Plastics manufacturer Nifco increased operating profit to £3.8m in 2013, up from £1.4m the year before, the company’s latest accounts show.
The Eaglescliffe-based manufacturer, which makes plastic components for the automotive industry, reported a growth in turnover from £40.9m to £49.8m.
Nifco almost doubled the amount of turnover it generates through its customer specific tooling business, which increased from £4.4m in 2012 to £8.3m in 2013.
The firm’s injection moulded plastics business generated £41.5m turnover during the year, compared with turnover of £36.5m the year before.
Director Mike Matthews described the period as demanding given the firm’s change of premises to its new Durham Lane site amid 22% sales growth.
The 14.4 acre, £8.5m site was chosen after the firm outgrew the factory it had been operating in since the 1960s. Nifco said the new factory was at peak production by the end of 2013.
Mr Matthews, crowned North East Business Executive of the year in 2013, said: “Nifco is now in its 5th consecutive year of growth. With ongoing refinement and improvement of its business strategies both internally and externally the business is becoming, year-on-year, more effective in operations and year-on-year more effective at winning new business.
“For the last five years we have set new business achievement targets every year. In 2013 this was sales nominations in excess of £20m, with higher expectations for 2014. Current projections see Nifco UK achieve somewhere in the order of £100m by 2020.”

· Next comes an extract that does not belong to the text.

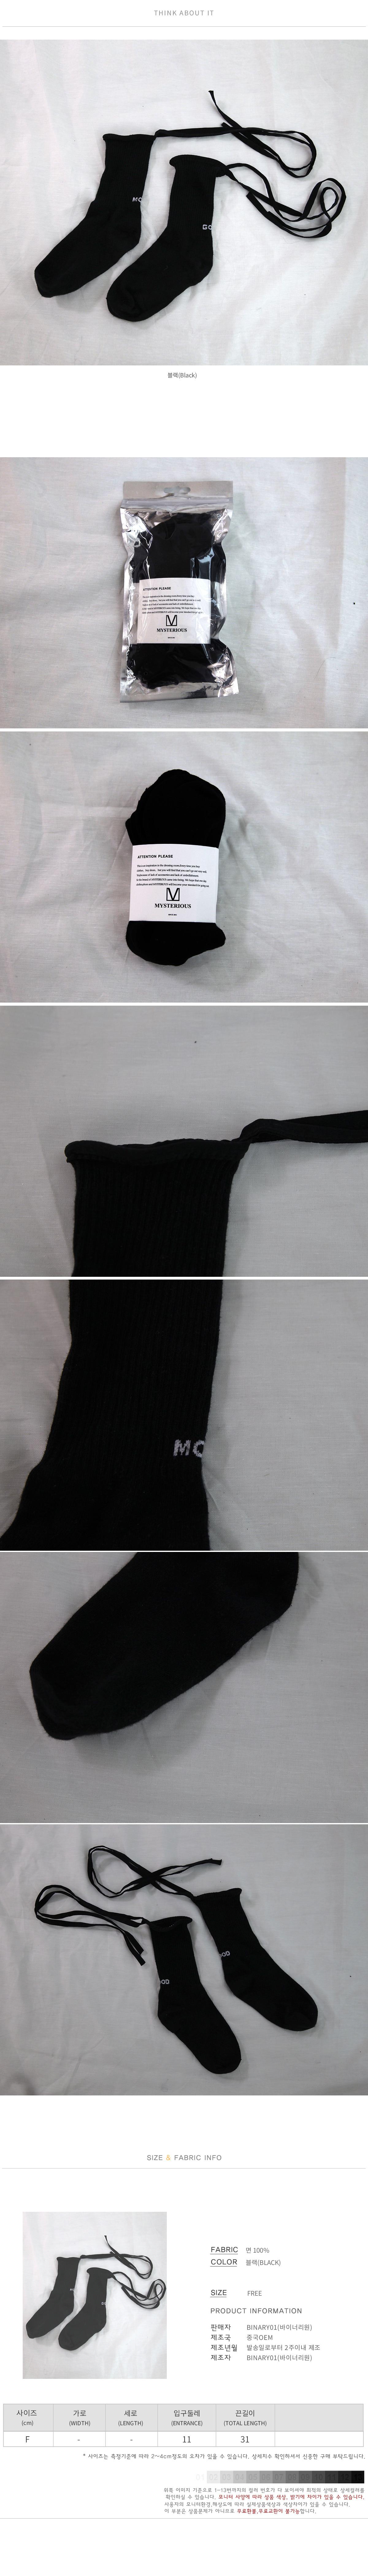 Ribbon monnet sox

The average number of staff in the firm’s production unit increased from 255 to 316, while the number of sales and administration staff increased from 47 to 52.

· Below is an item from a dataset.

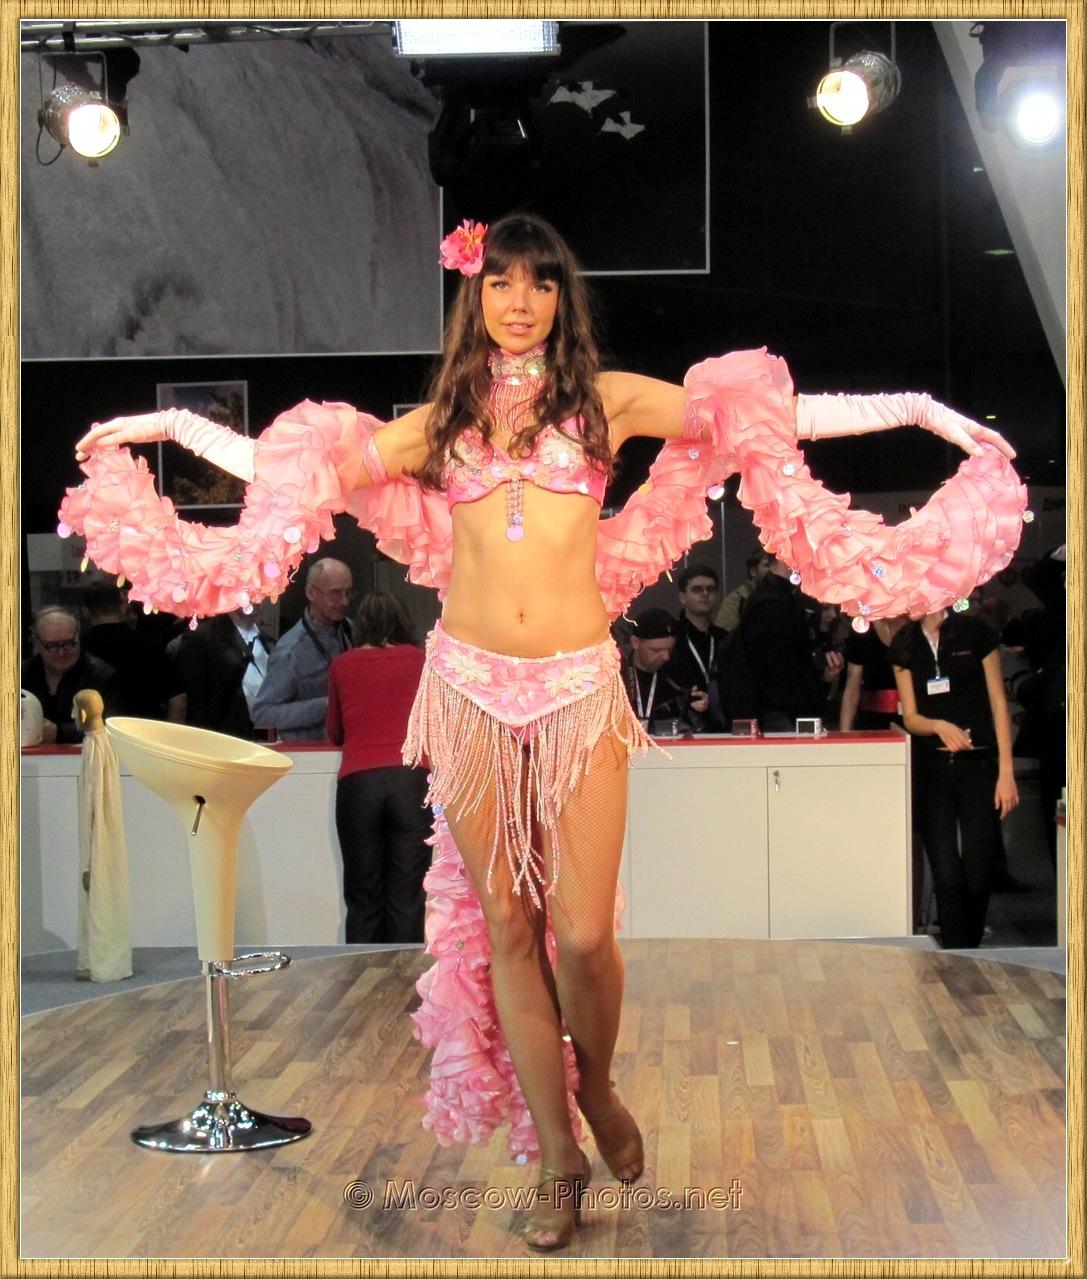 Moscow Dancing Girl at Photoforum

Elsewhere in the report Mr Matthews highlighted challenges posed by increasing raw material and transport prices, saying the firm expected such pressures to continue into 2014.
He also added: “Although Nifco’s sales activity has performed exceptionally well, this has to be seen in context against a stagnant Eurozone where car production has still not reached pre credit crisis levels and where high levels of austerity measures are still limiting growth in these countries.”